With the CDS market, we have a market-based measure of the credit quality of a wide variety of debt instruments outstanding for a given issuer. This makes the credit quality of an issuer more transparent, not less.
This is incorrect, because every CDS price necessarily includes not just a premium for protection against default by the underlying, but also some premium for the counterparty risk inherent in buying protection on derivative markets. (The existence of negative basis trades where the CDS price is below the rate paid by the bond probably reflects the fact that the CDS market — for the limited group of people who are allowed to trade these high denomination products — is indeed more liquid than the bond market. Note that as far as I am aware, there is neither empirical evidence, nor a theoretic argument that supports the view that more liquid markets produce better prices.) As noted in earlier posts, the only circumstance in which an over the counter derivative does not involve counterparty risk is in the theoretic example where the derivative is written by a monetary authority.
Because CDS prices necessarily confound a premium for protection against default with a premium for counterparty risk, it’s hard to understand the foundation of the argument that CDS prices give a better measure of credit quality than a model based only on the bond yields themselves — which will as rule include no credit risk premia for parties other than the issuer.
However, even if we were to grant the argument that CDS prices give a superior measure of default risk, then that would immediately indicate that price disclosure in the CDS market must be improved. While Davi claims that
the level of publicly available information from the CDS market is on par with that from the corporate bond market
as a small scale trader, I can assure you that this statement is incorrect. I can access intraday corporate bond bids and offers whenever markets are open. Davi links to the only public CDS pricing data that I know of — and this only gives end-of-day prices after the market is closed. If Davi’s argument that CDS prices are “better” than bond prices is correct then the bond market is seriously biased against small traders.

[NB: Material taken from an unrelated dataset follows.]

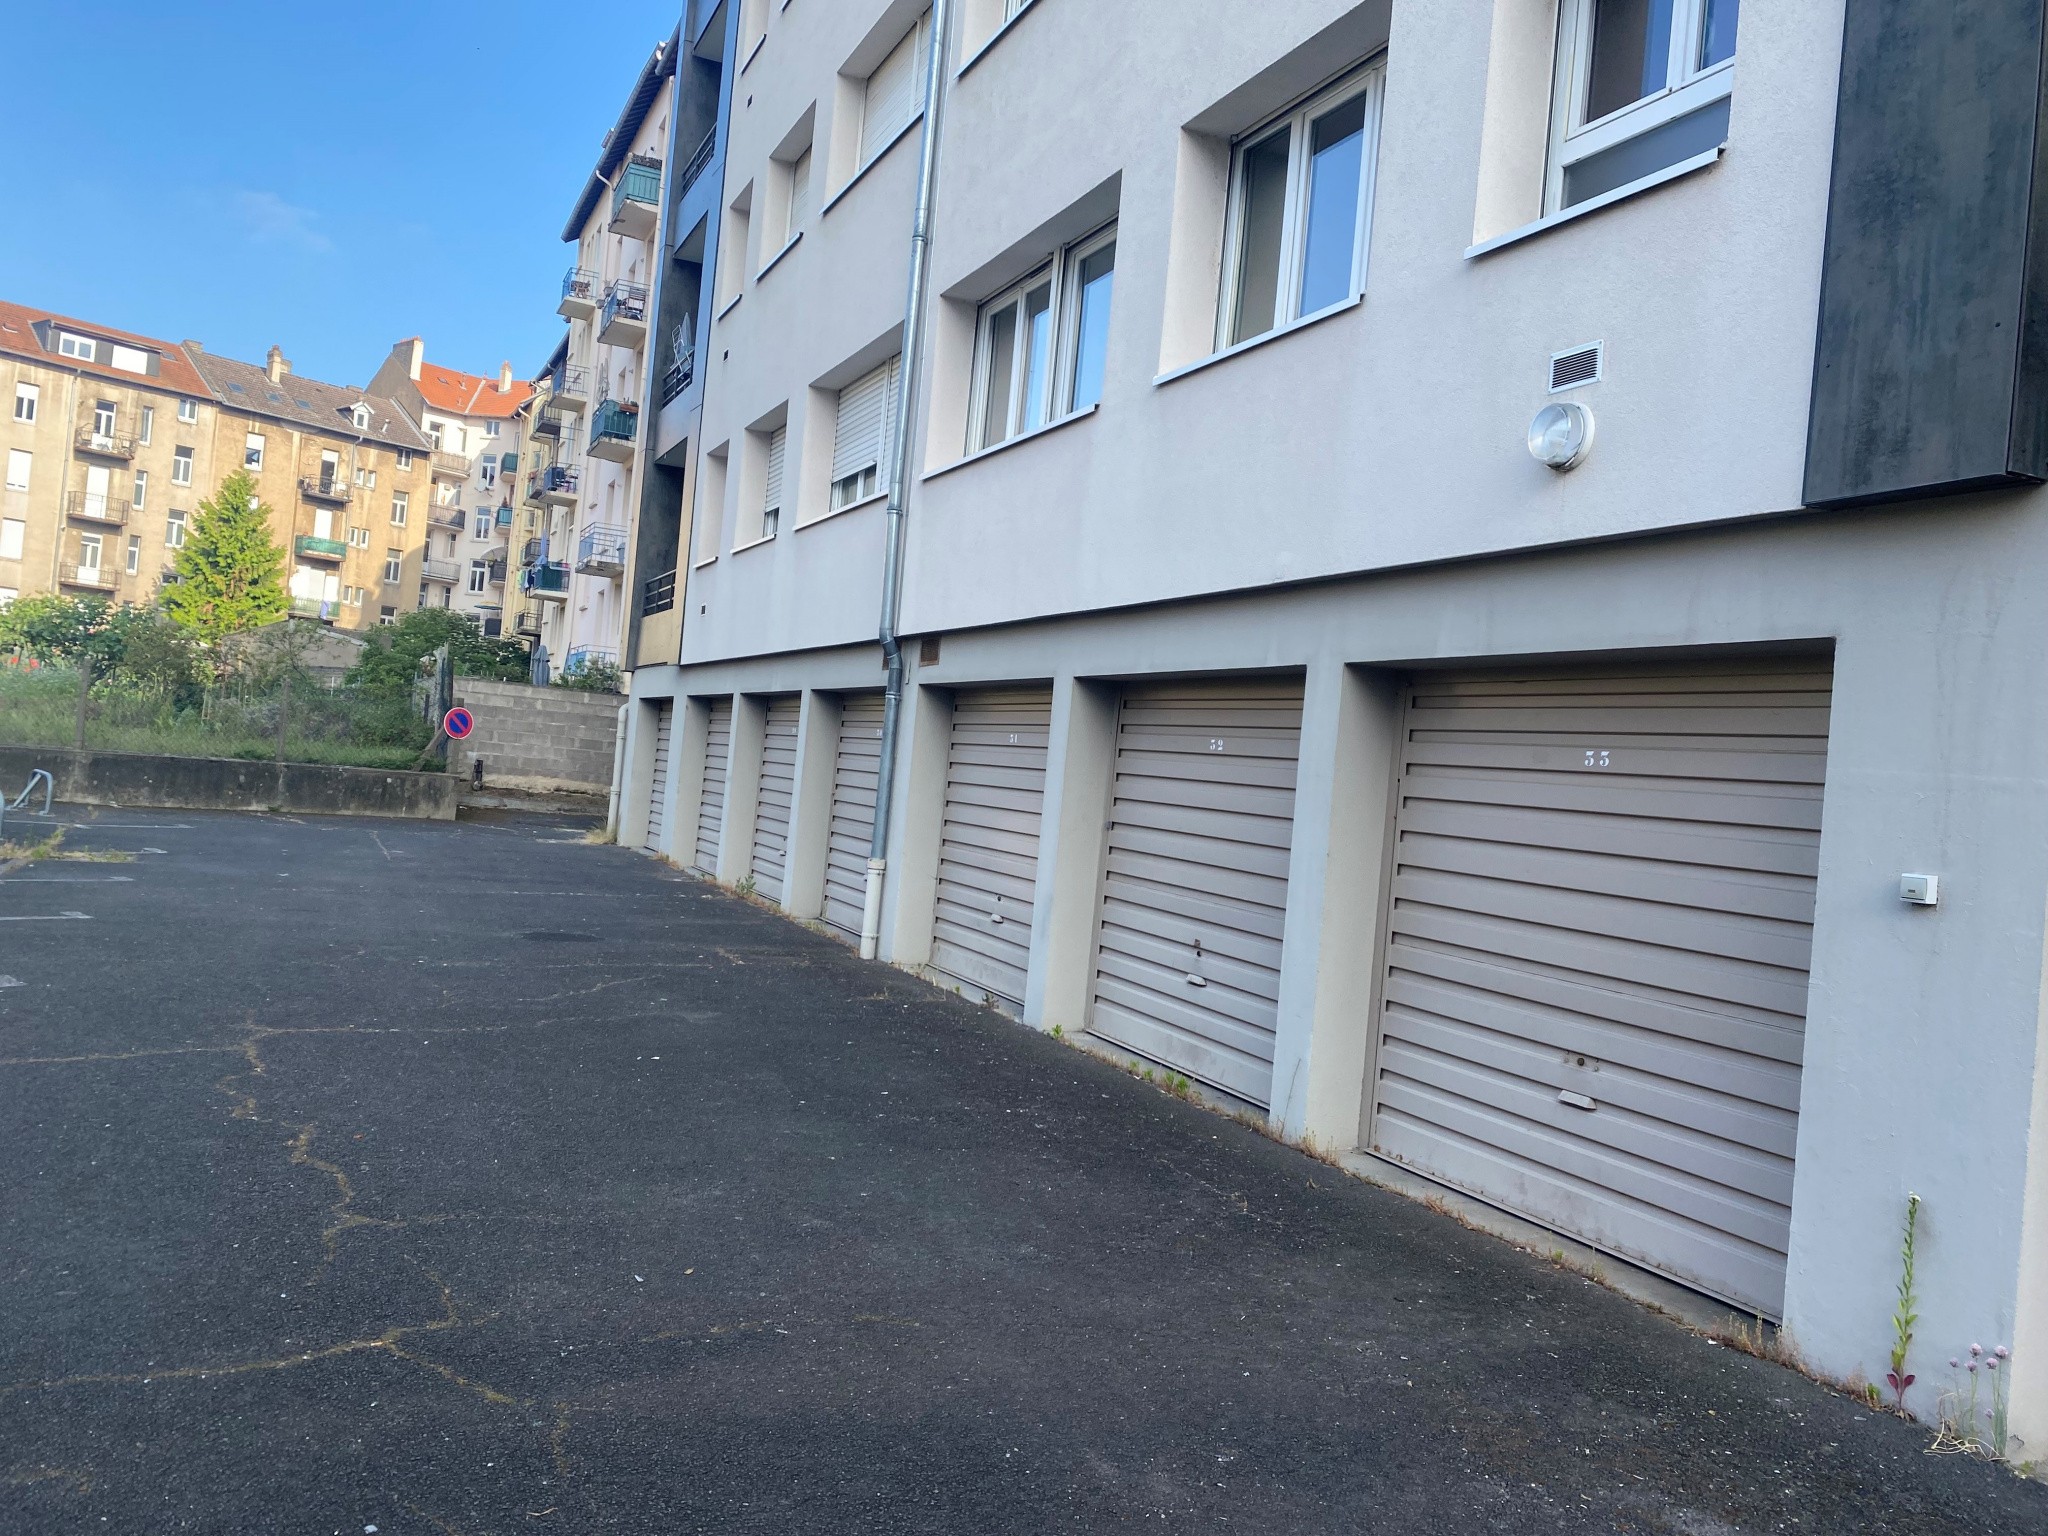 Location Garage / Parking à Metz 0 pièce
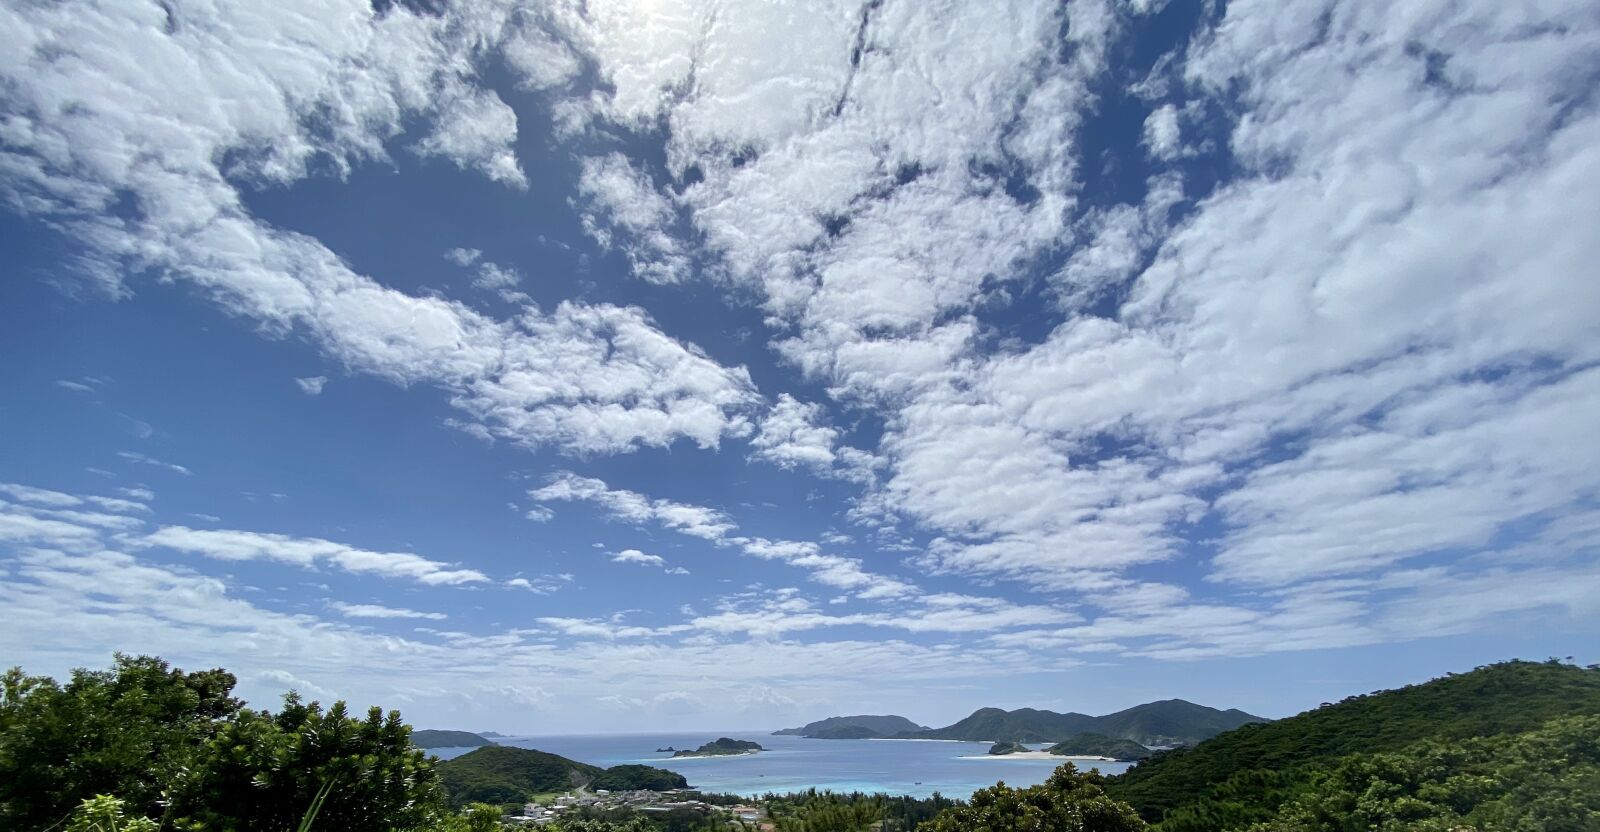 iPhone 11 Pro back triple camera 1.54mm f/2.4 sample photo. Sky, okinawa, sea photography

In other words, if CDS price information is as valuable as claimed, then it is inexcusable to restrict access to intraday price and quantity information to insiders like the market making banks and their biggest clients. In short, if the CDS market produces tradable price information, then as Gensler argued it’s time for CDS to trade on exchanges so that intraday prices and quantities can be made public in real time and everybody who trades bonds can benefit from the information created by this market.